Mussulman and Garland agree that every gardener, no matter their scope of expertise, has seen plants fail to flourish at one time or another.
“The most experienced gardeners have killed more plants than they can count, me being one of them, and I’ve learned from every single one that I’ve killed,” Garland said. “So don’t be afraid to learn from mistakes.”
Both Garland and Mussulman advise those looking to grow their own garden of beauty to start small.
“I tell people go to your kitchen window and look out, then pick a little spot. Go small at first until you get a handle on what you’re doing. You can also do pots on your porch. That’s no weeding. With that you can go and put a few rocks in the bottom for special drainage and fill it up with a bag of soil from a store. Then go and buy geraniums or what you like,” Mussulman said.
Garland said that many affordable seeds can be sowed directly into a garden.
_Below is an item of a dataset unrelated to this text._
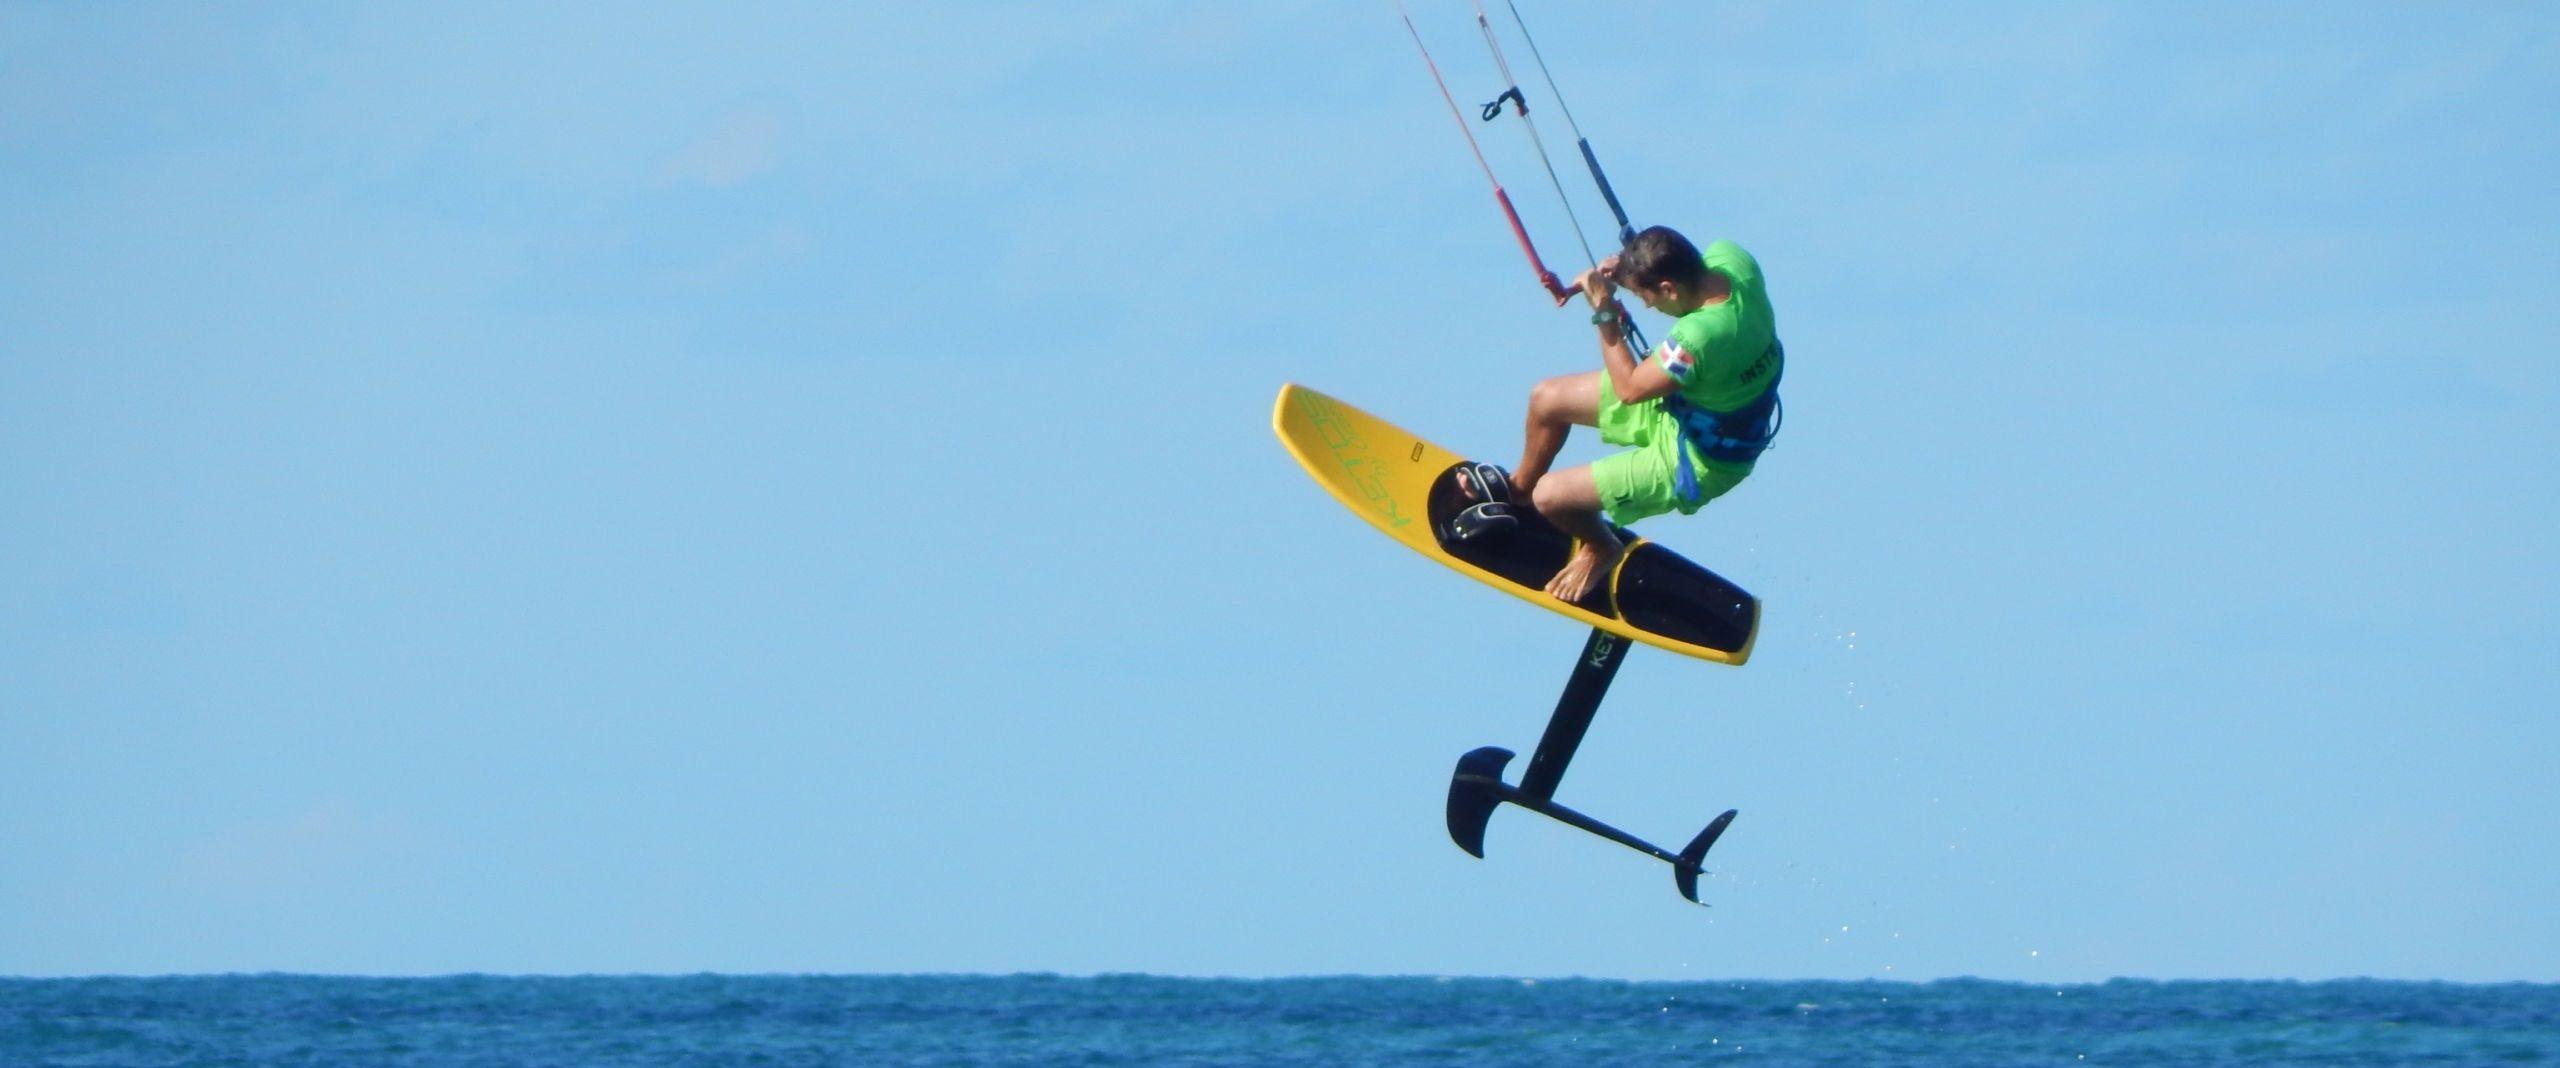 hydrofoil kitefoiling in las terrenas dominican republic

“Prioritize the groups you want to grow. If you have a limited amount of space or if you have a container garden that you’re doing, what is the thing you are craving the most, that you can walk out your door and get a snippet of? It might be basil. Basil is a really easy thing to get going in a container and it doesn’t require a lot of maintenance and has very few pests,” Garland said.
Mussulman has even used her gardening skills to inspire the next generation of growers from John Bapst High School.
“A few years ago, I helped the students plant the yellow tulip garden at the Bangor Y. They have a program to help kids with depression, mental health and that sort of thing, and they wanted to plant yellow tulips but the kids didn’t know how,” she said. “So, I showed them how to plant and that you want them so many inches apart. They all worked together and were great at it. It was a good time.”
Mussulman plans to continue digging in the dirt, weeding where it’s necessary and planting beauty both at her home and within her community, one seed at a time.